When creating a new change set, always try to minimize the amount of changes it includes.
Do this by only modifying what needs to be modified to implement a feature or fix a bug. Keep formatting and refactoring changes for another commit.
The story of how I came to this practice
Many years ago I read Clean Code, a book I liked a lot. One of the things it discussed was to check in our code a little cleaner than when we checked it out. This meshed with the idea of continual improvement through refactoring which I was already following.
I took this principle to heart and made formatting changes, introduced constants, removed commented code and made small refactorings with my change sets. I kept big refactorings for different commits… well most of the time anyways…

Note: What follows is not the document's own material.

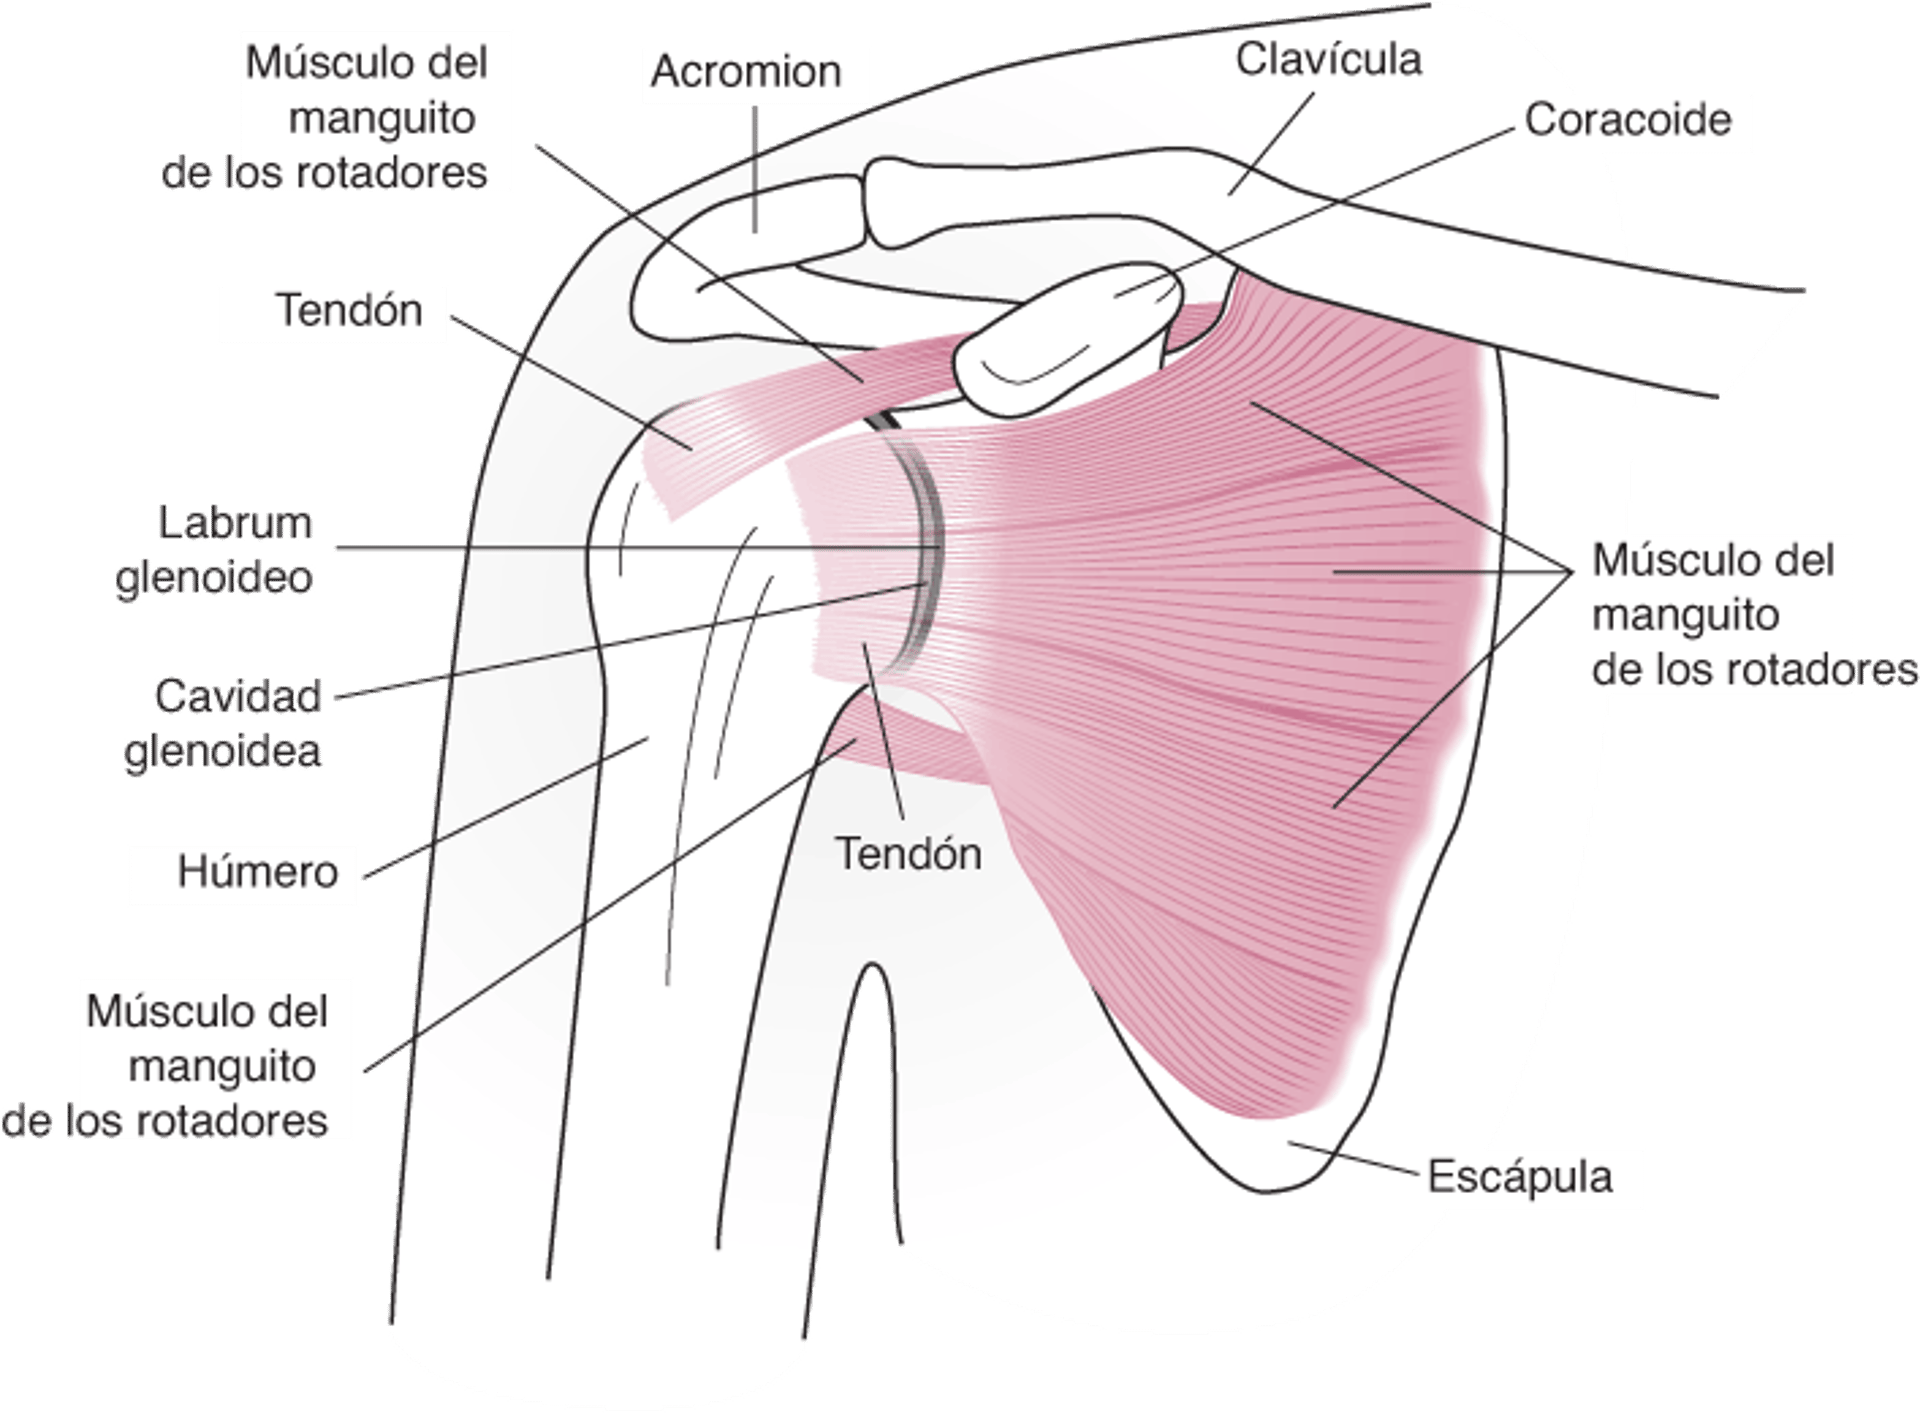 Anatomía de la articulación del hombro

Then later, on an open source project I contributed to, I was asked during code reviews to keep those changes out of the change sets. I was surprised since I thought I was improving the code’s quality. The reasoning was that the change set needed to include only the changes required to correct the bug that was addressed or implement the new feature we were working on. Refactorings should be kept as different endeavors or for instances where the code was being completely rewritten anyways.
Over time I started to see many cases in my own work where this made sense and eventually, after several years, started following this practice as well. One thing I like to do is keep notes of what changes I want to make, complete my work in a single commit and then make a separate commit for formatting and refactoring changes. If I don’t take notes, too often I forget all the little changes I wanted to do and never get around to doing them.
When the commit needs to be read later on to understand the changes, revert them or when doing a blame/annotate to find out why a change was made it’s much easier if all the changes are related to the commit message and associated ticket number. Otherwise you need to reason for each line if it was done in relation to the commit’s purpose or as a “bonus” refactoring.
Also, including unnecessary changes make for longer commits which make for longer code reviews. Both for traditional code reviews but also for yourself when you’re reviewing your changes before committing them (if you’re not doing this, this is a great practice everyone should adopt). In my experience the longer the review, the more chances some stuff will get glanced over.
Finally, every change we make, even when having a robust test suite risks introducing regressions. If you later find out your latest changes introduced a bug and it turns out it was in a refactoring, it’s much easier to revert or correct this refactoring without needing to revert a bug fix or remove a feature.